Rozdział pisany szybko, trochę bez weny, jakby na siłę. Przepraszam za to, ale pewna osoba ciągle poganiała mnie na GG i pod presją nie mogłam nic sensownego wymyślić. Dziękuję Nati. Macie ten szósty rozdział :)
Sklep nie był jakoś specjalnie zaludniony. Razem z Fuuto chodziłam między półkami zastanawiając się co kupić na obiad. W końcu zdecydowaliśmy się na chińszczyznę. Wzięliśmy wszystkie potrzebne składniki oraz nową grę i stanęliśmy w kolejce do kasy. Oprócz tych rzeczy kupiliśmy jeszcze paczkę gum, 6 napoi w puszkach, czipsy i popcorn. Zapłaciliśmy i ruszyliśmy w stronę domu. Gdy dotarliśmy do mieszkania szybko rozpakowaliśmy zakupy i od razu pobiegliśmy do mojego pokoju z nową grą zachwycając się przy tym jak pięciolatki nową lalką barbie. Włączyłam grę i zaczęliśmy grać bez poczucia czasu. Około godziny 19 wszyscy byli już w domu. Nagle do mojego pokoju wpadła jakaś dziewczyna. Nie zwróciliśmy na nią uwagi i dalej graliśmy w grę.
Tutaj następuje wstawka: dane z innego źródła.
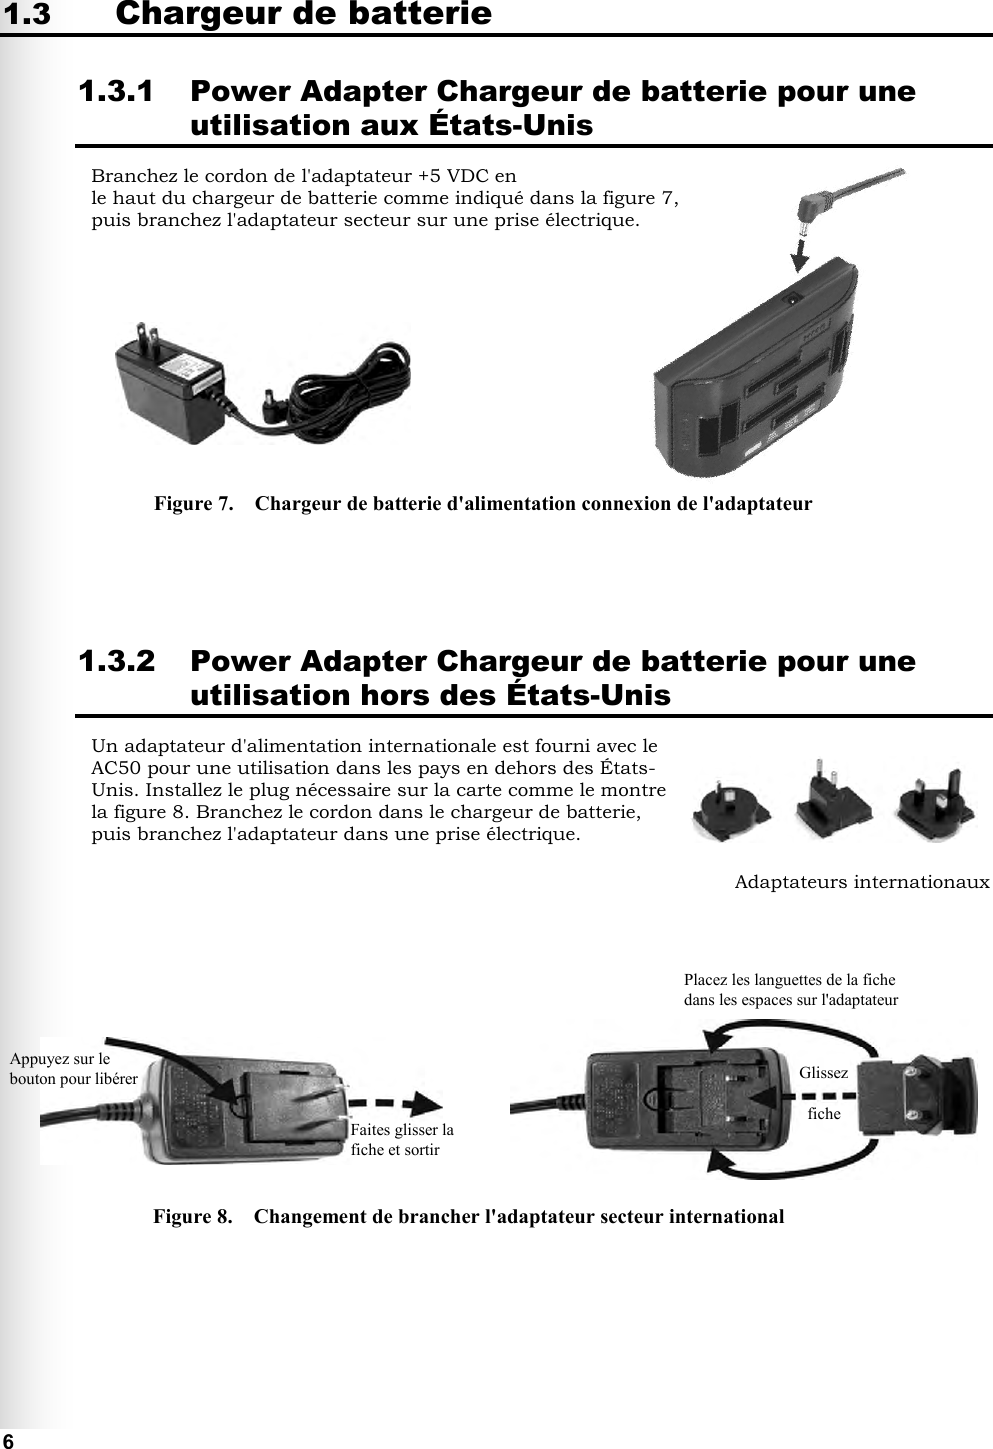   6 1.3 Chargeur de batterie 1.3.1 Power Adapter Chargeur de batterie pour une utilisation aux États-Unis Branchez le cordon de l&apos;adaptateur +5 VDC en le haut du chargeur de batterie comme indiqué dans la figure 7, puis branchez l&apos;adaptateur secteur sur une prise électrique.               1.3.2 Power Adapter Chargeur de batterie pour une utilisation hors des États-Unis Un adaptateur d&apos;alimentation internationale est fourni avec le AC50 pour une utilisation dans les pays en dehors des États-Unis. Installez le plug nécessaire sur la carte comme le montre la figure 8. Branchez le cordon dans le chargeur de batterie, puis branchez l&apos;adaptateur dans une prise électrique.                Figure 7.    Chargeur de batterie d&apos;alimentation connexion de l&apos;adaptateur Figure 8.    Changement de brancher l&apos;adaptateur secteur international Adaptateurs internationaux Placez les languettes de la fiche dans les espaces sur l&apos;adaptateur Glissez  fiche  Faites glisser la fiche et sortir Appuyez sur le bouton pour libérer

-Fuuto!- usłyszeliśmy zza pleców. Fuu wyraźnie wyglądał na zniesmaczonego. Dalej skupiając się na grze jakby nigdy nic powiedział:
-Cześć, Aiko. Co cię sprowadza do tego domu pchło?
-Grr... Głupek!- krzyknęła.
-Idiotka!
-Kretyn!- w tym momencie Fuuto wstał.
-Debil!
-Leszcz!
Zaczęli się sprzeczać co zwróciło moją uwagę. Odwróciłam się. Dziewczyna za mną była dosłownie żeńską wersją Fuu. Gdy skończyły się im wyzwiska przytulili się jakby nie widzieli się długie lata. W tym momencie Aiko mnie zauważyła.
-Cześć, jestem Asahina Aiko, mów mi Ai. Zostańmy przyjaciółkami.- powiedziała, co mnie lekko zaskoczyło, ale rozweseliło.
-Cześć, ja jestem Yano Etsumi, mów mi Etsu.
-Chodzisz do klasy z Fuu?- spytała.
-T-tak. - odpowiedziałam zastanawiając się o co może jej chodzić.
-Więc od dzisiaj jesteśmy w tej samej klasie!- krzyknęła rozradowana.
-H-hę?!- krzyknęliśmy razem z Fuuto w tym samym czasie.
-Przyjechałam do mojego braciszka, ale muszę chodzić do szkoły i jakoś tak wyszło.
Wtedy do pokoju wszedł Jun.
-Aiko, niestety nie mamy wolnego pokoju jak na ostatnich wakacjach, więc musisz spać na kanapie.
-Mogę dzielić się pokojem z Ai.- powiedziałam.
-Naprawdę?!- krzyknęła Ai, podbiegła do mnie i złapała mnie za ręce. - Jeszcze nigdy nie dzieliłam pokoju z dziewczyną w moim wieku oprócz Fuu, ale on się nie liczy! Będziemy plotkować, rozmawiać po nocach, malować sobie paznokcie, czesać się- Ai się rozmarzyła, ale Jun jej przerwał.
-Oks, to ja ide po twoje rzeczy. Niedługo będziesz miała swoje łóżko, jednak tę noc musisz przespać w salonie.
-Ależ nie! Będę spać z Etsu.
-Co ty na to, Etsu?- spytał Jun.
-O-ok.- zgodziłam się. Cóż, to tylko jedna noc.
-Dobra to wy kończcie to co zaczęliście, a ja idę coś zjeść.- powiedziała i wyszła razem z Junem z mojego pokoju zamykając za sobą drzwi. Wtedy ja i Fuu ponownie zatraciliśmy się w grze.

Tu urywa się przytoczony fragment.